What does Cloudera do

Software infrastructure


While Hortonworks Data Platform is closely based on the Apache standard, the Hadoop distribution from Cloudera CDH also integrates a number of its own developments with the label "enterprise ready". At its core, however, CDH also uses YARN for workload management and uses either HDFS or HBase as the storage engine. MapReduce, Hive and Pic are used for batch processing. Since the realignment of the Cloudera distribution in February of this year, Clouderea has integrated the Apache project Spark into its distribution. Spark plays a central role in CDH, for example for real-time analysis, stream processing or machine learning. Incidentally, the Apache Mahout project is also used here. Mahout is a scalable implementation of machine learning algorithms and has been a top-level project of the ASF since 2010.

  1. Cloudera
    The US company Cloudera is one of the best-known providers of Hadoop distributions. In March 2014, Intel allegedly invested $ 720 million in the company and brought its own Hadoop technology to the partnership. Cloudera's software should benefit from this because Intel focused on specific areas in its Hadoop versions. These include, for example, performance optimization in clusters with Intel processors, the protection of data by means of encryption and the use of Hadoop in the field of high performance computing (HPC).
  2. Cloudera
    Cloudera offers a turnkey enterprise version of its Hadoop distribution. It processes both structured and unstructured data.
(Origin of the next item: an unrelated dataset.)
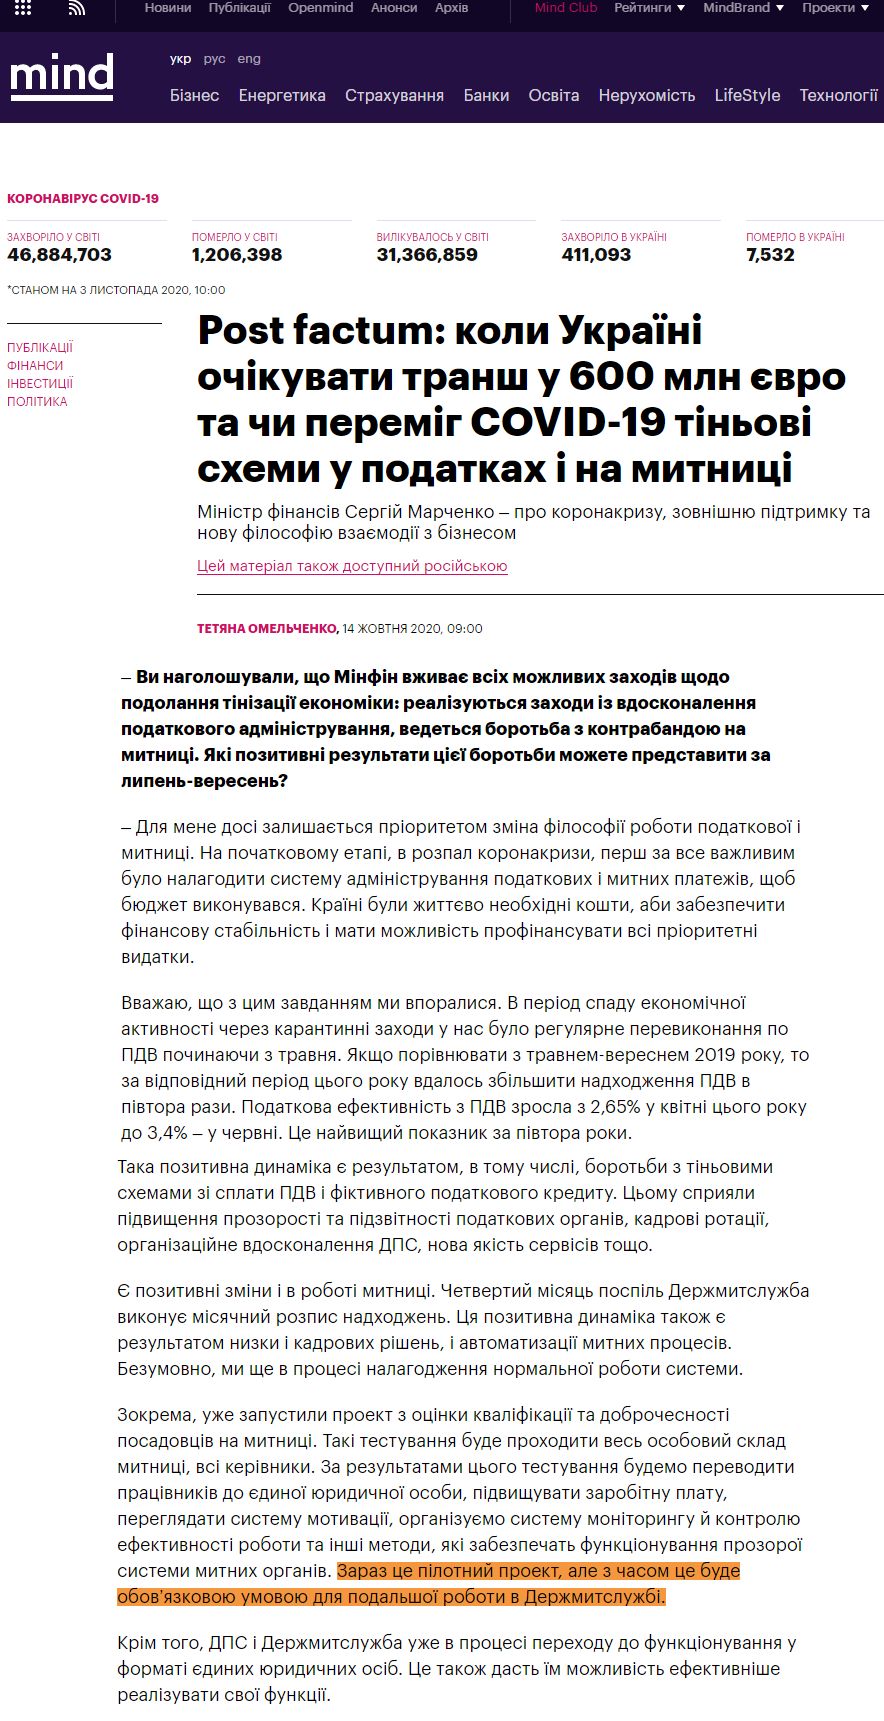 https://mind.ua/publications/20217053-post-factum-koli-ukrayini-ochikuvati-transh-u-600-mln-evro-ta-chi-peremig-covid-19-tinovi-shemi-u-poda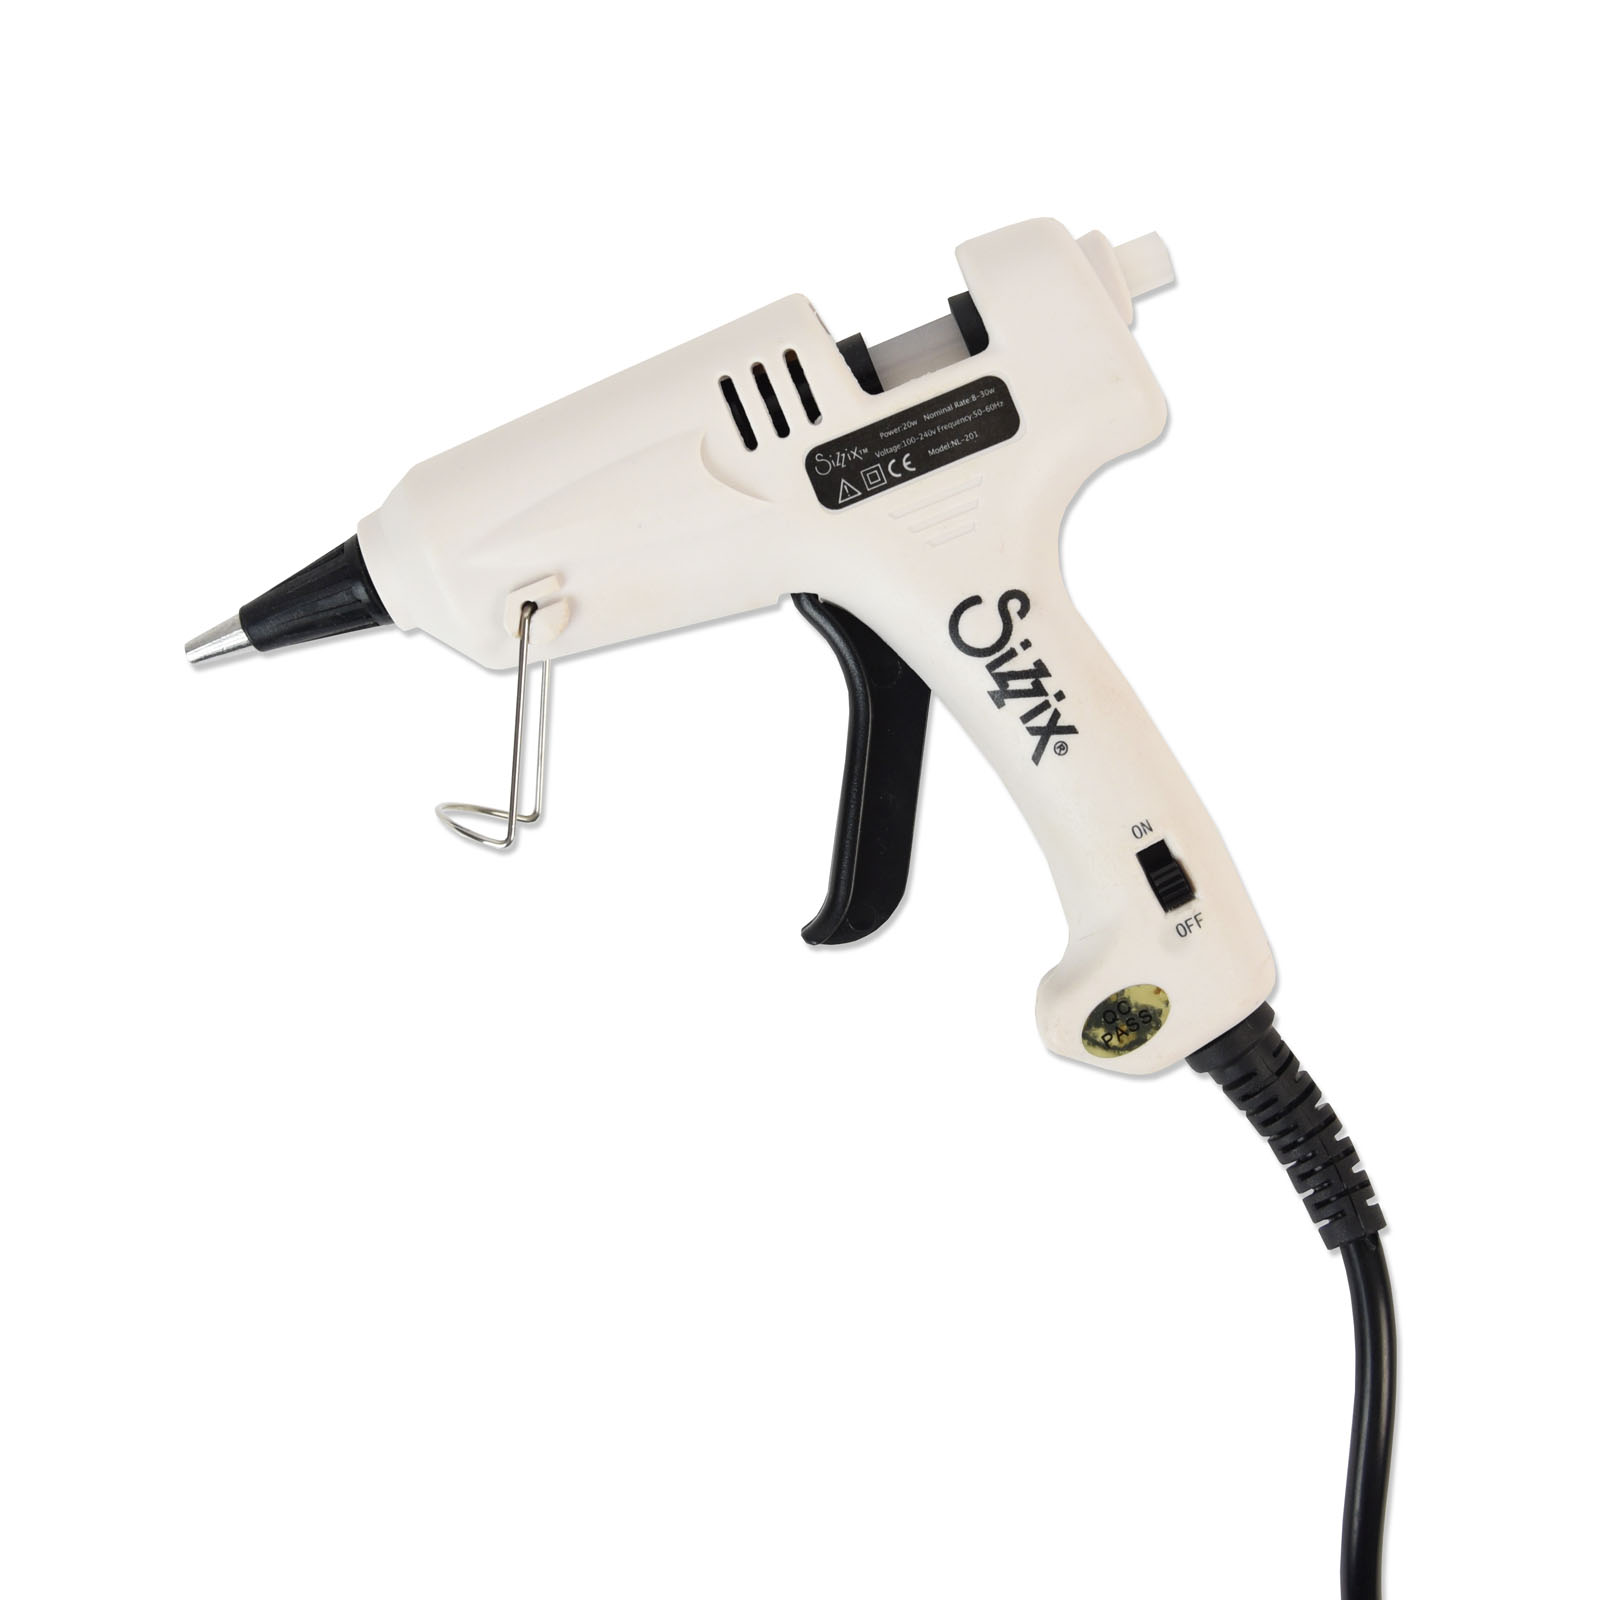 Sizzix • Making Tool Glue Gun (UK Version w/EU Adapter)

The Cloudera distribution also brings many security technologies inherently with it. You have to know that security in the context of Hadoop affects several levels, such as access to storage or HDFS, resource management, access to the cluster or access control in connection with Hive. For example, Cloudera uses the Apache Sentry project for security at the storage level, which, however, still has incubator status at the ASF. Sentry implements a sophisticated and role-based authorization system for accessing data and metadata of a Hadoop cluster. The development of Sentry is largely pushed by Cloudera.

Another Apache project, Apache Accumulo, is an integral part of the Cloudera distribution. Accumulo is a key / value database implemented in Java, which is based on the Apache technologies Hadoop, Zookeeper and Thrift. Accumulo is based on concepts from Google's powerful but proprietary database system BigTable and was launched by NASA in 2008. The Accumulo project also raised around $ 5.2 million in venture capital last year. Accumulo is currently in version 1.6, supports server-side scripting and also offers fine-grained security functions.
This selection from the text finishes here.